A steel ball of diameter 0.2mm, falls with a
terminal velocity of 0.0029m/s through oil in a
relatively large jar.Calculate the viscosity of
oil, assuming the densities of the oil and the
ball are to be 7200 and 420kg/m^3 respectively
.if the radius is doubled,calculate the new
terminal velocity.[take g=9.8m/s^2]
To calculate the viscosity of the oil, we can use Stokes' Law, which states that the terminal velocity of a small sphere moving through a viscous fluid is given by:
v = (2/9) * ( (ρ_ball - ρ_fluid) * g * r^2 ) / η
Where:
v is the terminal velocity,
ρ_ball is the density of the ball,
ρ_fluid is the density of the fluid,
g is the acceleration due to gravity,
r is the radius of the ball, and
η is the viscosity of the fluid.
We can rearrange this equation to solve for η:
η = (2/9) * ( (ρ_ball - ρ_fluid) * g * r^2 ) / v
Using the given values:
ρ_ball = 420 kg/m^3,
ρ_fluid = 7200 kg/m^3,
g = 9.8 m/s^2, and
v = 0.0029 m/s,
η = (2/9) * ( (420 kg/m^3 - 7200 kg/m^3) * 9.8 m/s^2 * (0.1 mm / 2)^2 ) / 0.0029 m/s
Note that the radius needs to be converted to meters before calculation, hence we divide the radius by 1000.
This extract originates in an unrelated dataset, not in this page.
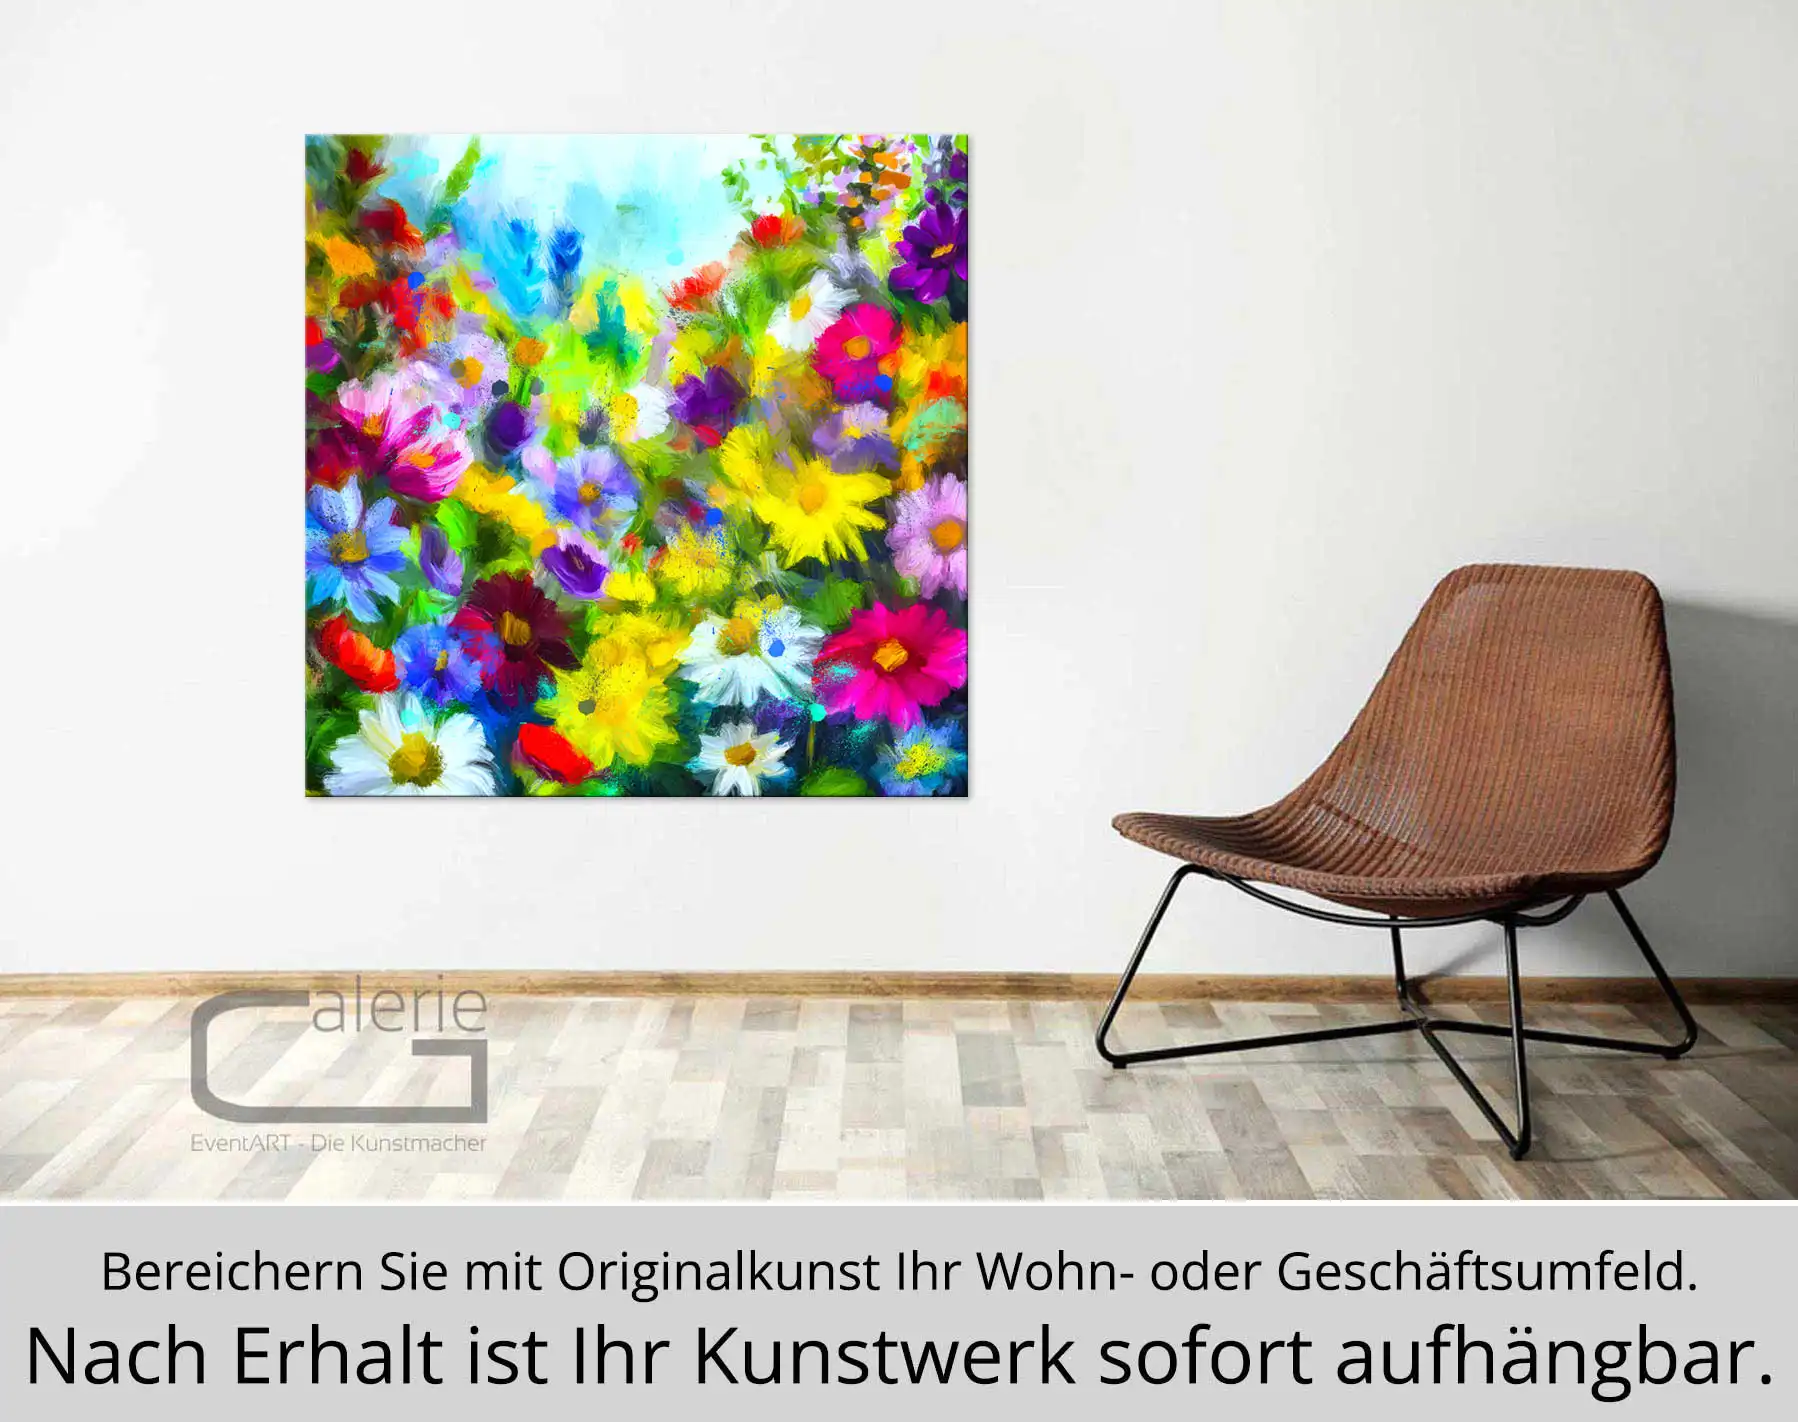 Moderne Kunst: "Die Kraft der Farben", H. Mühlbauer-Gardemin, Original/serielles Unikat
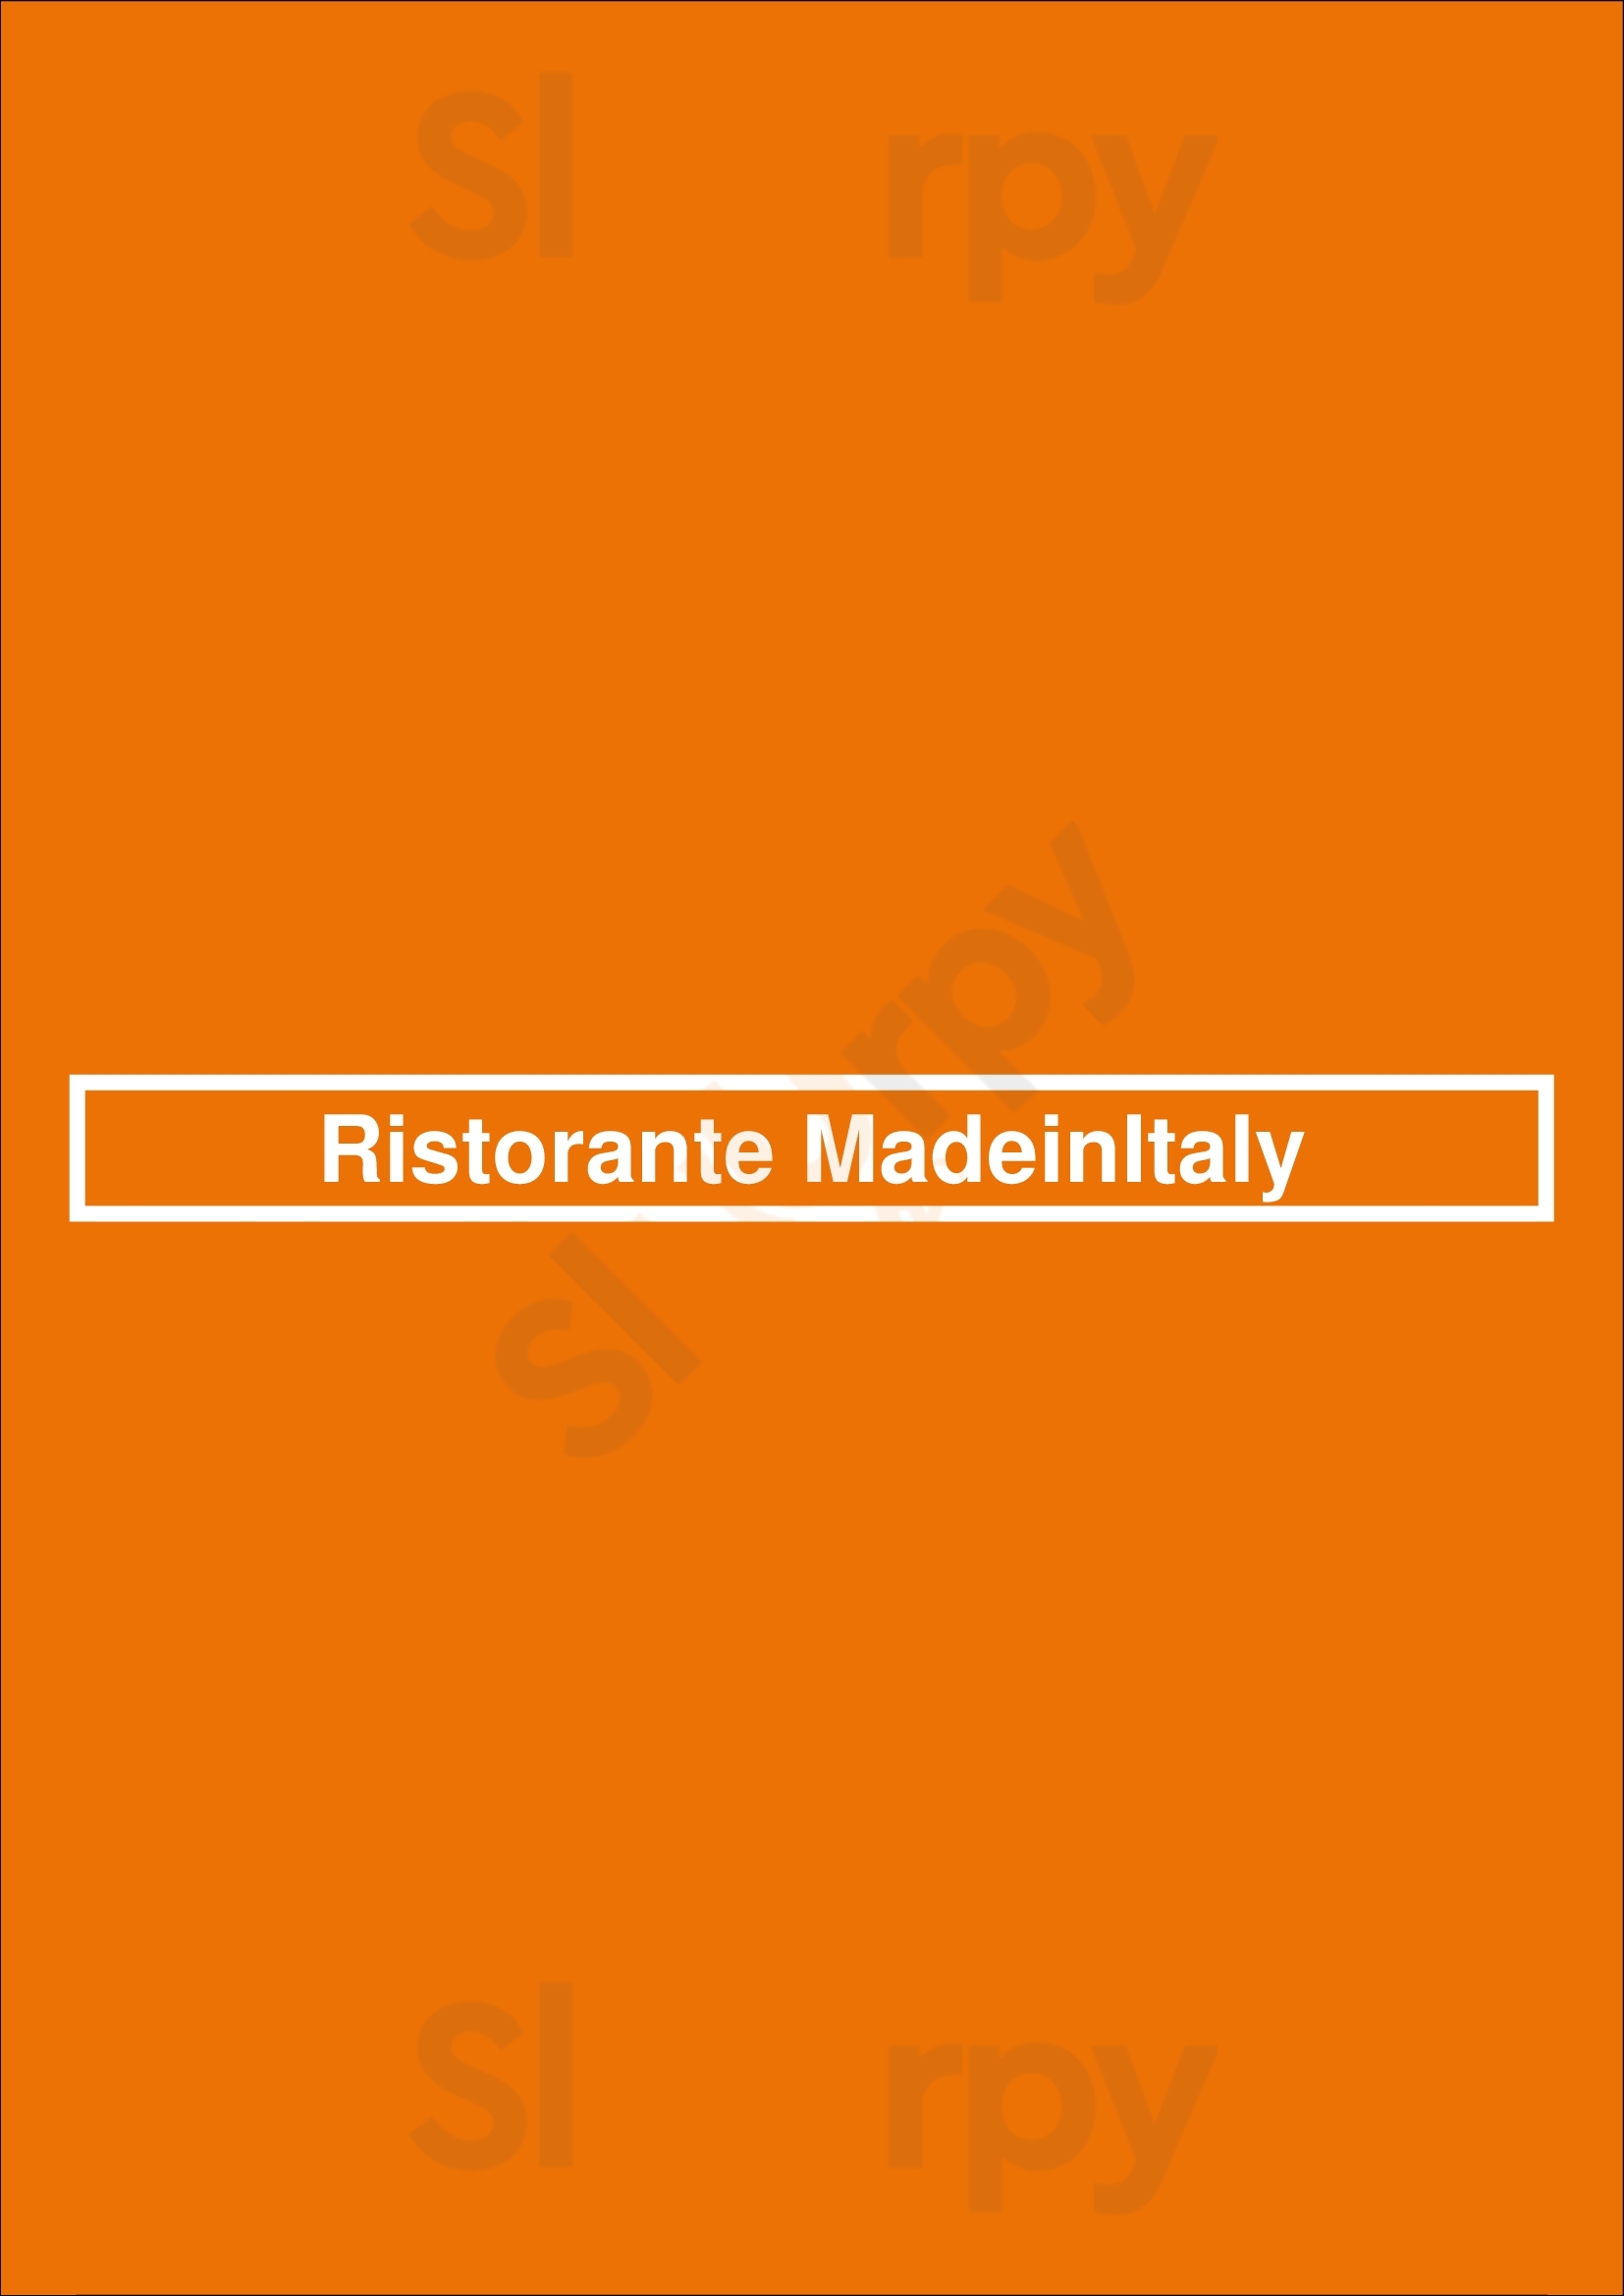 Ristorante Madeinitaly Asse Menu - 1

η = (2/9) * ( (420 kg/m^3 - 7200 kg/m^3) * 9.8 m/s^2 * (0.1 mm / 2 / 1000)^2 ) / 0.0029 m/s
Simplifying this equation will give the value for viscosity η.
Now, to calculate the new terminal velocity when the radius is doubled, we can use the same formula but with the new radius. Let's call the new terminal velocity v_new and the new radius r_new.
v_new = (2/9) * ( (ρ_ball - ρ_fluid) * g * r_new^2 ) / η
The radius is now doubled, so r_new = 2 * r.
v_new = (2/9) * ( (ρ_ball - ρ_fluid) * g * (2r)^2 ) / η
v_new = (2/9) * ( (ρ_ball - ρ_fluid) * g * 4r^2 ) / η
Simplifying this equation will give the value for the new terminal velocity v_new.